雑記帳

私が思ったこと、誰かが思うかもしれないこと

井の中のジュブナイルたち

 エリちゃんが帰ってきた。
 冬が近づくにつれて色を失っていくこの町に、外の空気を身に纏って帰ってきたエリちゃんは、まるで紺色の体操服の群れの中で浮く学年違いの赤いジャージのようだった。
 急に肌寒くなったせいで私は風邪をひき、三日間学校を休んだ。仕事の合間にポカリとりんごをもって様子を見に来たお母さんが、ついでのようにエリちゃんがなんたら、と言っているような気がしたが、その呟きは熱にうなされていた私に届くことなく、夢と現実の間に落っこちていった。そして寝込んで三日目の夜、ようやくベッドから這い出られるようになった私は、三年ぶりに隣の家のエリちゃんの部屋に電気がついているのを見て仰天することになる。

  久しぶりに登校した日、一時間目の数学は自習になった。あと二週間もすれば定期テストなのに、私たちのクラスは他より少しだけ遅れていてまだ関数の章に入っていない。このままテスト範囲狭くなればいいのにね、だとか、俺は確率と体積だけやるわ、だとか、教室の至る所から声が聞こえる。たった三日休んだだけなのに随分と体力が落ちたようで、楽しそうなおしゃべりに混ざる元気はない私はひとまず教科書を読むことにしたが、休んでいた時の分が全く分からずすぐに飽きてしまった。病み上がりのぼんやりする頭で教室見回すと、窓際の前から2番目、佐竹君の席が空いているのに気が付いた。私と同じように風邪をひいたのかと思ったけれど、無人の席には持ち主不在の荷物だけがぽつんとある。

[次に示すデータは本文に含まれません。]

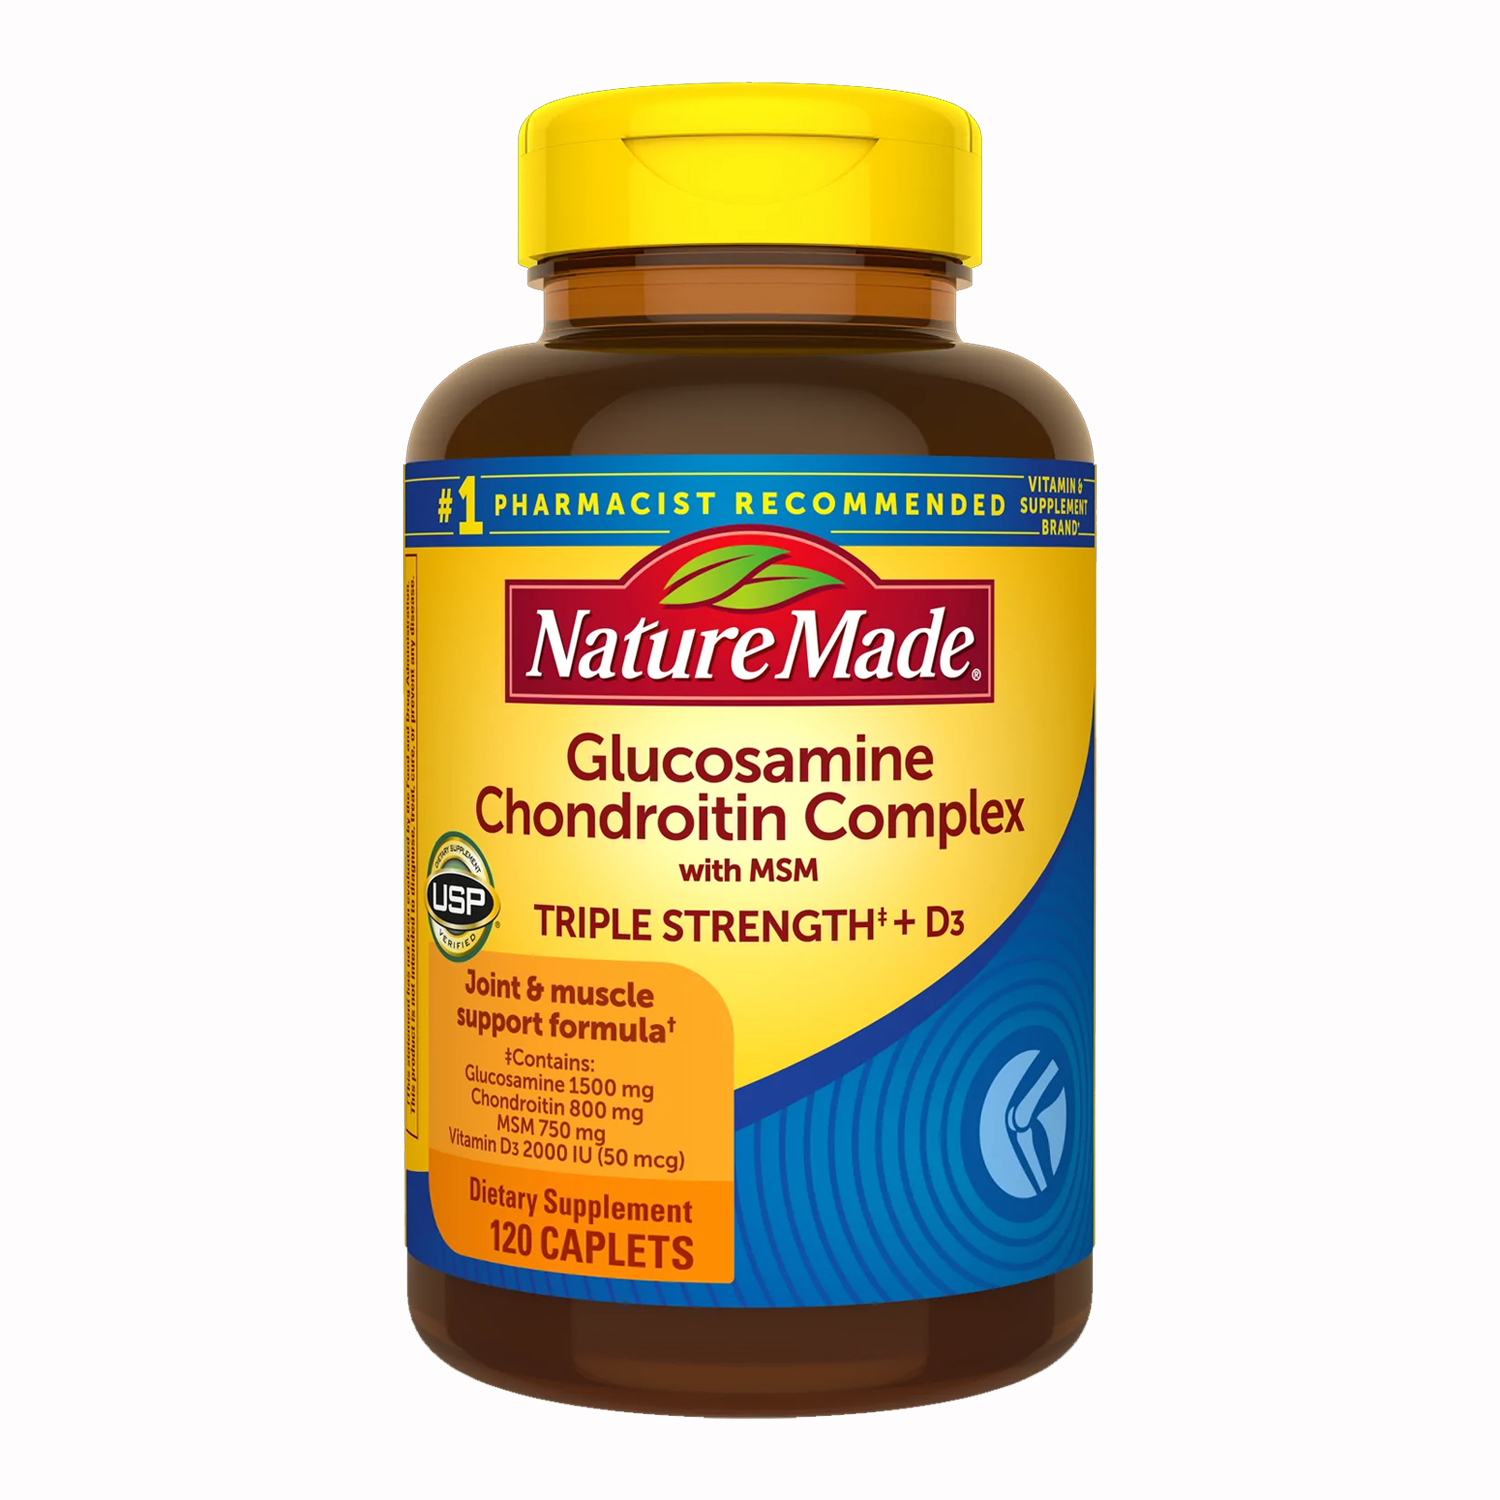 Nature Made Glucosamine Chondroitin Complex With MSM Triple Strength + Vitamin D3 / 120 Caplets

どうやら学校には来ているらしい。
「ねえ、佐竹君は?」
前の席で社会の資料集を眺めていた京子に聞くと、彼女はいい暇つぶし相手を見つけたとばかりに体をぐるりとこちらに回した。
「そっか、由美は休んでたから知らないのか」
 テニス部らしく日焼けした、そばかすの浮かぶ頬がくい、と持ち上がる。
「昨日万引きがバレたんだよ。それで自習になってんの。佐竹は生活指導室だよ」
「万引き。何を盗ったんだろ」
「さあ。マンガかゲームじゃない?それかもっとしょうもないもの、文房具とか」
 京子が挙げたものはどれもいまひとつピンとこなかった。あまり話したことはないが、佐竹君がそんなものを欲しがるだろうか。
「まあ、万引きって欲しいものを盗るわけじゃないし」
 あのドキドキと達成感が癖になるんだよねえ。そう言って京子は自慢げにくるりくるりとシャーペンを回す。ぼんやりする頭でなんとなく、ゴキブリとかネズミを捕ってきたおじいちゃんちの猫を思い出した。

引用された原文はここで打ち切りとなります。